Amazon S3

has anyone outsourced their data file to amazon s3 services? been looking at them today and they look like a reasonable solution to storing all the media files form an elgg install as you only pay for what you use.

If anyone has done this can you please let me know what you think.

If this has not been done, and people are interested in trying this i am happy to help out any way i can.

thanks

  • This is difficult in Elgg's current model because it requires raw filesystem access to the files, which AFAIK S3 doesn't immediately allow.

    I imagine it would require quite a few core modifications, but would definitely be possible, though I do think it would adversely affect performance...

  • OK Brett

    thanks for the info, ill stick with my standard set up for now then

  • Have you considered something like Subcloud?  It emulates a unix-filesystem on top of S3.  I'm using it currently for an FTP server and it's working well.  Solid performance.  You could try pointing your Elgg data directory to a subcloud volume.

  • <!-- @page { margin: 0.79in } P { margin-bottom: 0.08in } -->

    @Brett

    I had briefly analyzed Elgg for separating the file system functionality. Please validate that if my understanding is correct.

    (1) Create a new subtype called 'rfile' (Remote File), (2) new class ElggRemFile (in the same lines of ElggFile) and (3) Modify the file plugin to use ElggRemFile instead of ElggFile

    To make the best of the remote FS (like S3 or CDN), there will be changes to the download and upload paths too.

    However, I was not clear on how much time and effort. Any thoughts?

     

  • @mhourahine - I haven't tried that, but it's exactly what Elgg would require.  I'm still concerned about performance issues when pointing the data dir to a remote server, though.  Elgg uses the data directory to store cached views and view lists, and a network read will always be slower than a filesystem read.  It's worth checking out, though!

    @naren - Time and effort will depend upon how much experience you have with Elgg, what sort of APIs your CDN has available, and if any pre-existing interfaces exist for PHP.  Realistically, assuming good knowledge of PHP and Elgg, I'd say under a 2-4 days would be enough time for a working demo.  Possibly less if the CDN's API/library is super simple.

  • @brett – Thanks for the response.
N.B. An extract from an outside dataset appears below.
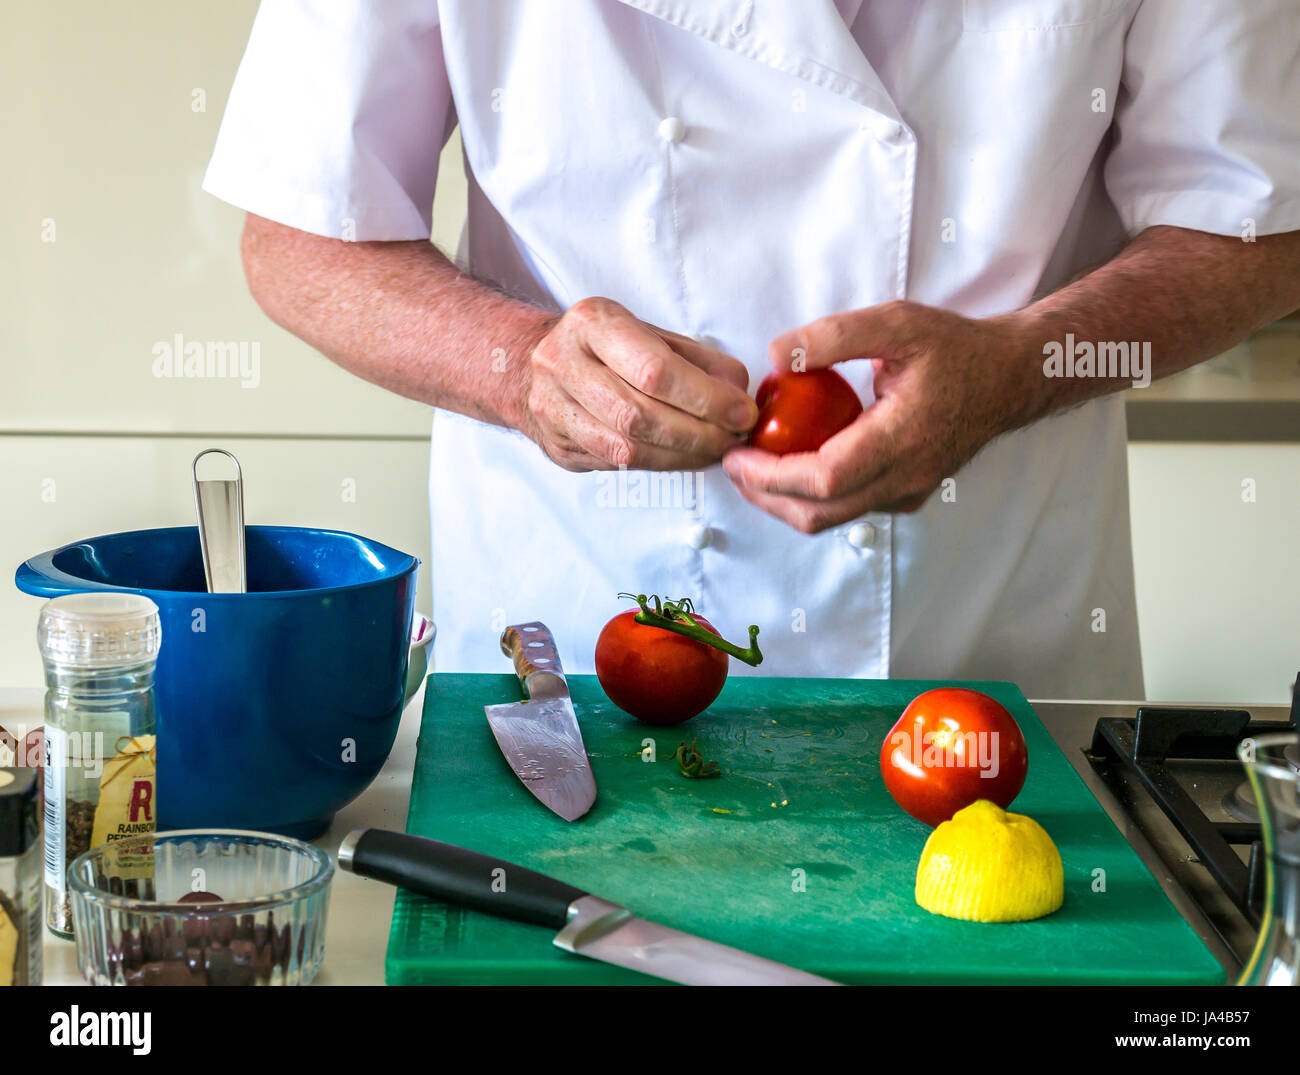 Un homme en chef prépare les blancs tomates sur une planche à découper verte sur un comptoir de cuisine avec d'autres ustensiles de cuisine et des placards blancs en arrière-plan Banque D'Images

My guesstimation was 4-6 weeks. Its very comforting to know its much lesser. :) [I am 2 weeks old to Elgg/PHP.]

    Current consideration is Akamai for CDN or S3 if cloud storage. However, the approach is to use a distributed file system (like mogilefs, CouchDB) locally first and then move to S3. Feel that the such migration will be less disruptive. And will give us enough time to test.

    I had missed out the file system dependencies for views and view lists. Does it make sense to use memcached for views and view lists (cache.php and simplecache/)? Or is it a overall kill? Will the preformance degrade?

    Am I missing any other dependencies on the elgg data directories?

  • @tomchip:
    Mail me i could give you solution for this.

    Thanks

  • @Naren - Memcache would likely be faster, but memcache support is still experimental and underdeveloped.  Actually, IIRC memcache still reads the initial file from the data directory.  I think simplecache, generic data storage, and views caching is everything using the data dir.

    @Izap - If you have a solution, let's keep it in public so everyone can benefit :)

  • If somebody interested my icondirect.php looks like :

    <?php

    if ($_GET['guid']) {$guid = $_GET['guid']; }
    if ($_GET['username']) {$username = $_GET['username'];}

    $size = strtolower($_GET['size']);
    if (!in_array($size,array('large','medium','small','tiny','master','topbar'))) $size = "medium";

    $dataroot = '/path/to/data/';

    $filename = $dataroot . "avatar/" . "{$guid}/profile/" . $username . $size . ".jpg";

    ob_start();
    ob_get_clean();

    if (!file_exists($filename)) {
    header("Location: http://breezybuzz.s3.amazonaws.com/default/default".$size.".gif");
    exit;
    } else {
    header("Location: http://breezybuzz.s3.amazonaws.com/" . $guid . "/" . $username . $size . ".jpg");
    exit();
    }
    ?>

    I use to dump icons to s3 :

    http://undesigned.org.za/2007/10/22/amazon-s3-php-class

    I make a custom data matrix for icons only to place images local and put them s3 too.

    Server loads dramatically down now.  10-50ms / icon load.